- THE TASK -
An exact restatement of the data is required, with the images omitted.

- DATA EXTRACT -

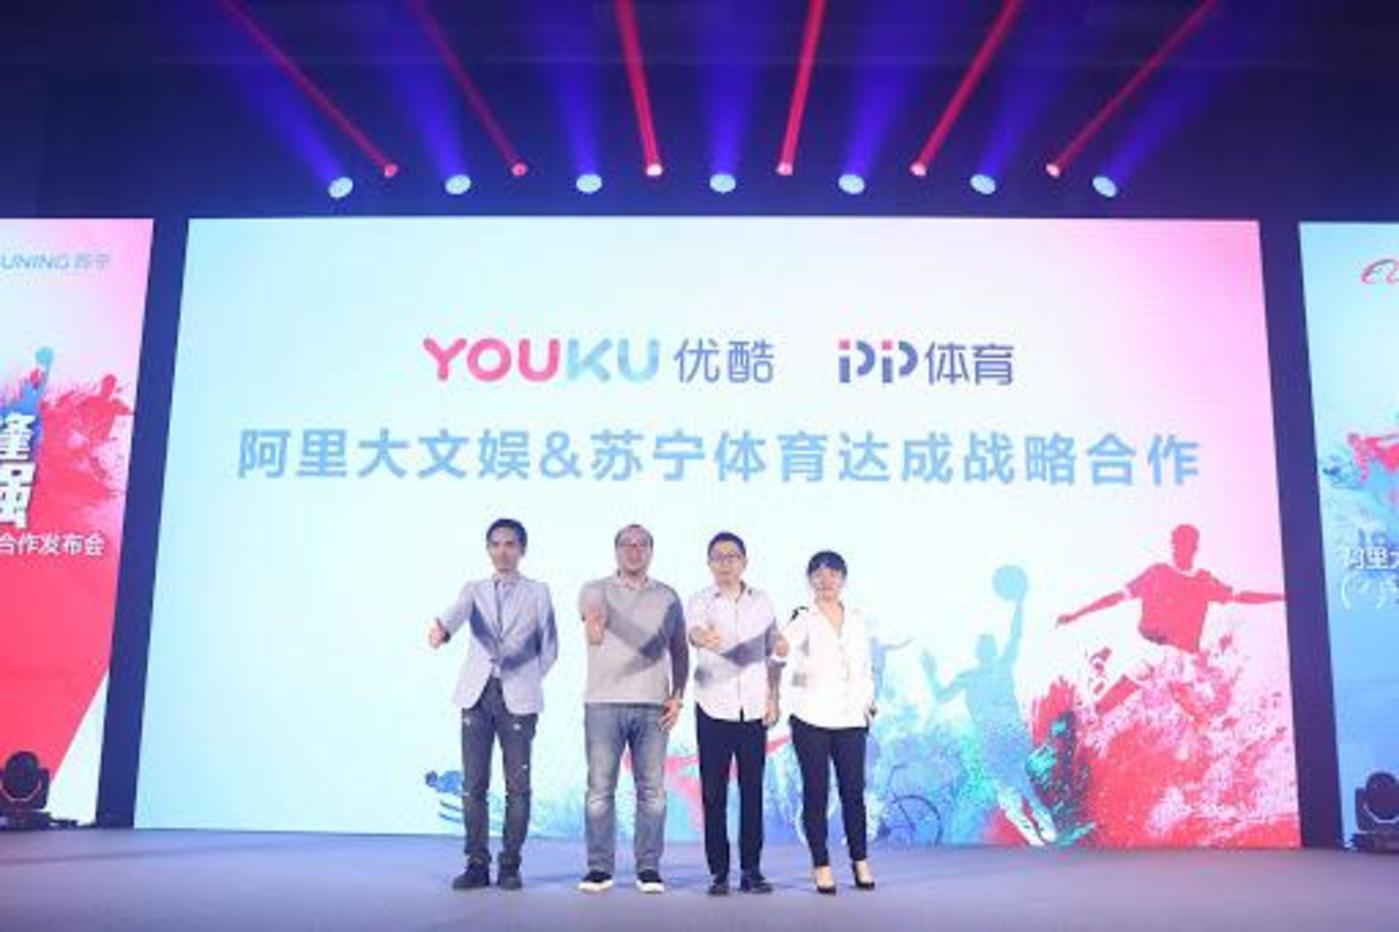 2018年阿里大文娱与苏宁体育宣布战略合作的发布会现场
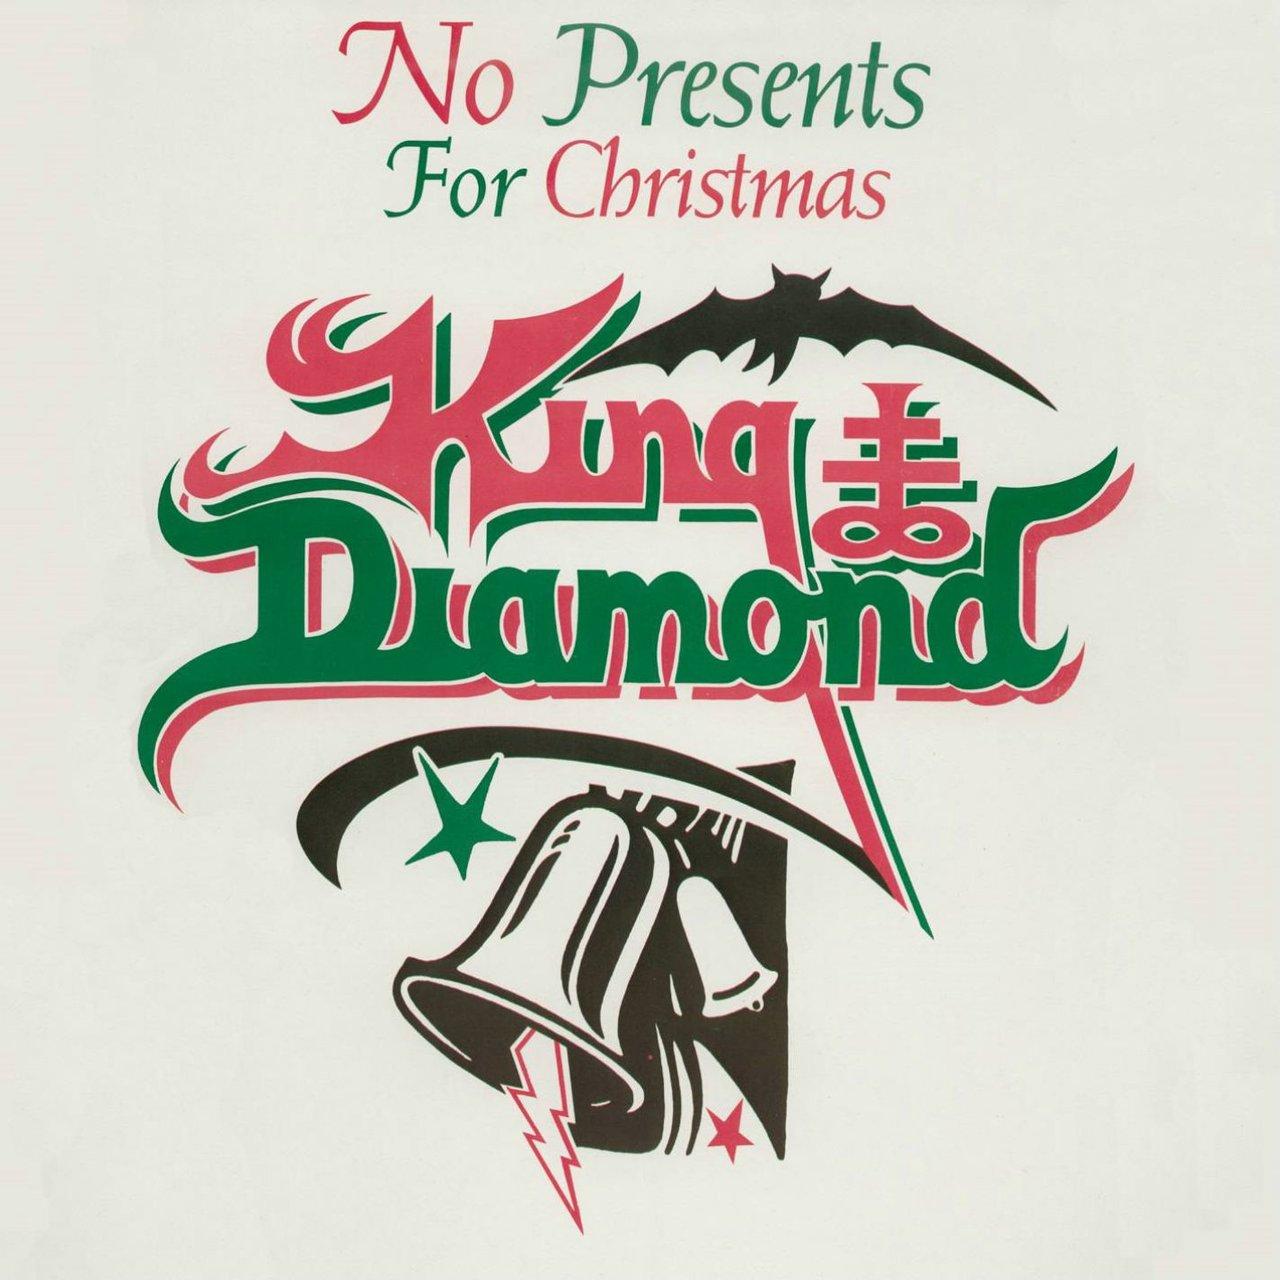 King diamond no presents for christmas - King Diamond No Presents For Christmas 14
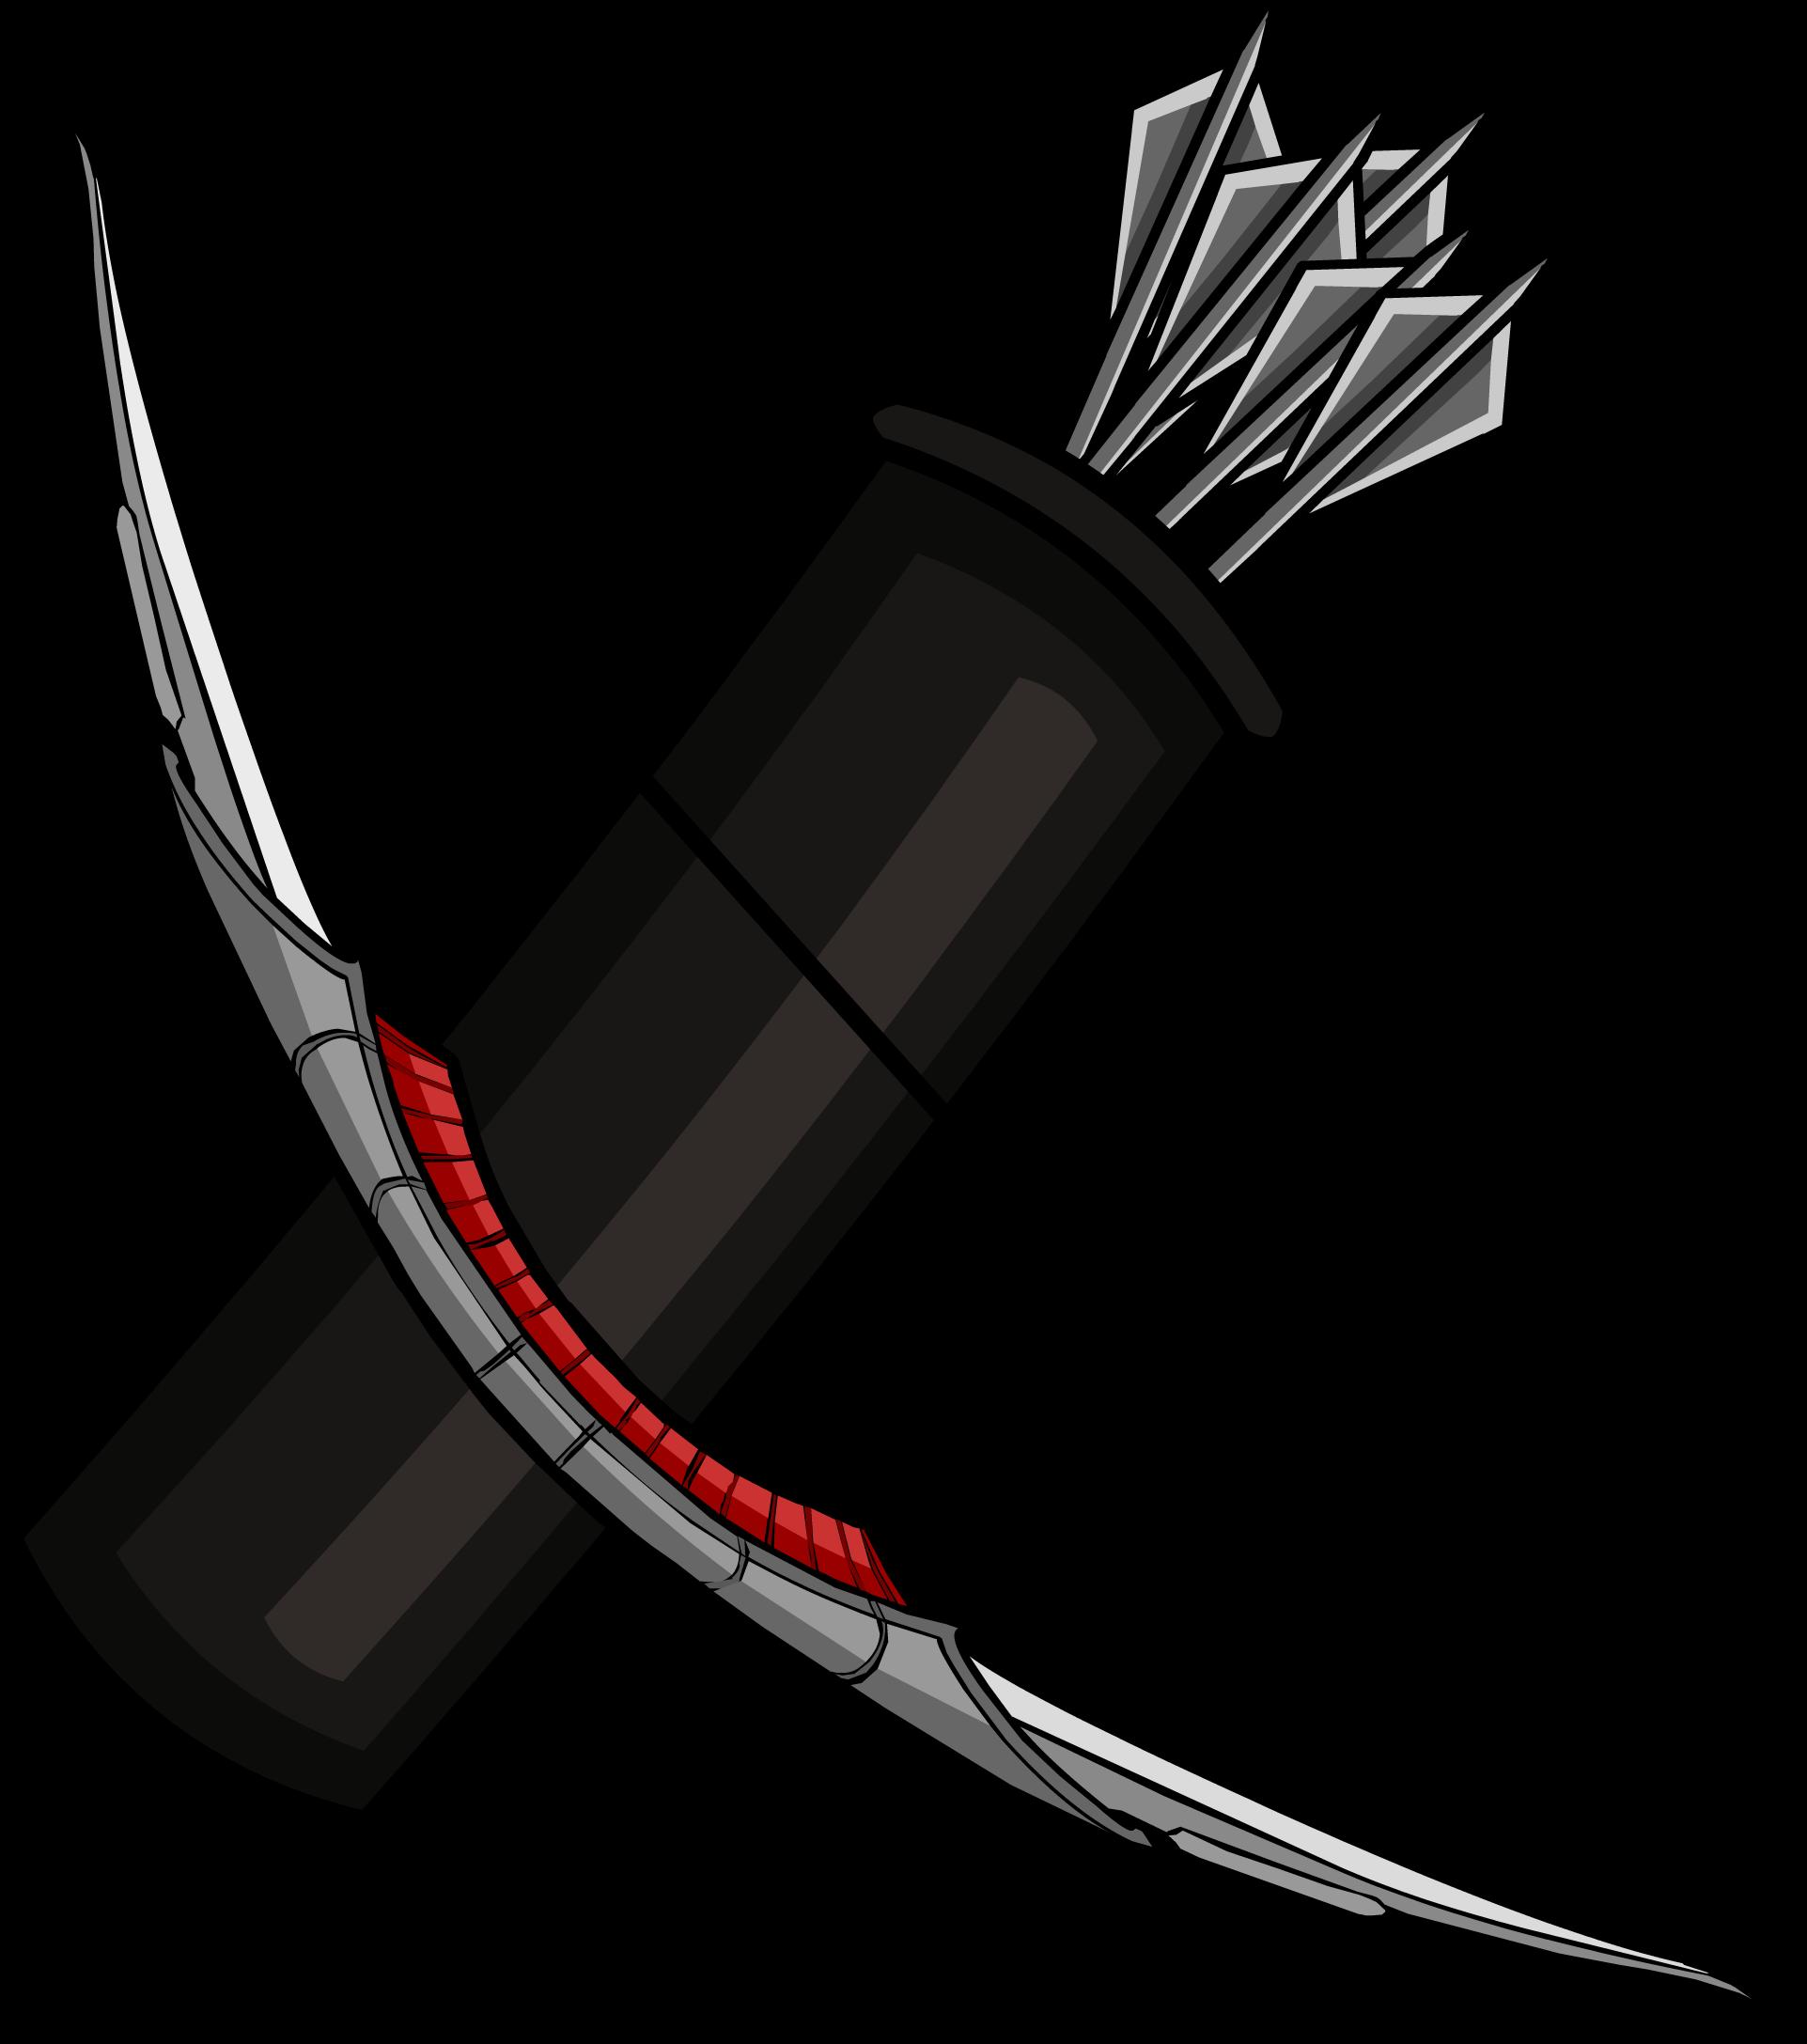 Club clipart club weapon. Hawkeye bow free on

- SOLVED PROBLEM -
 2018年阿里大文娱与苏宁体育宣布战略合作的发布会现场
 King diamond no presents for christmas - King Diamond No Presents For Christmas 14
 Club clipart club weapon. Hawkeye bow free on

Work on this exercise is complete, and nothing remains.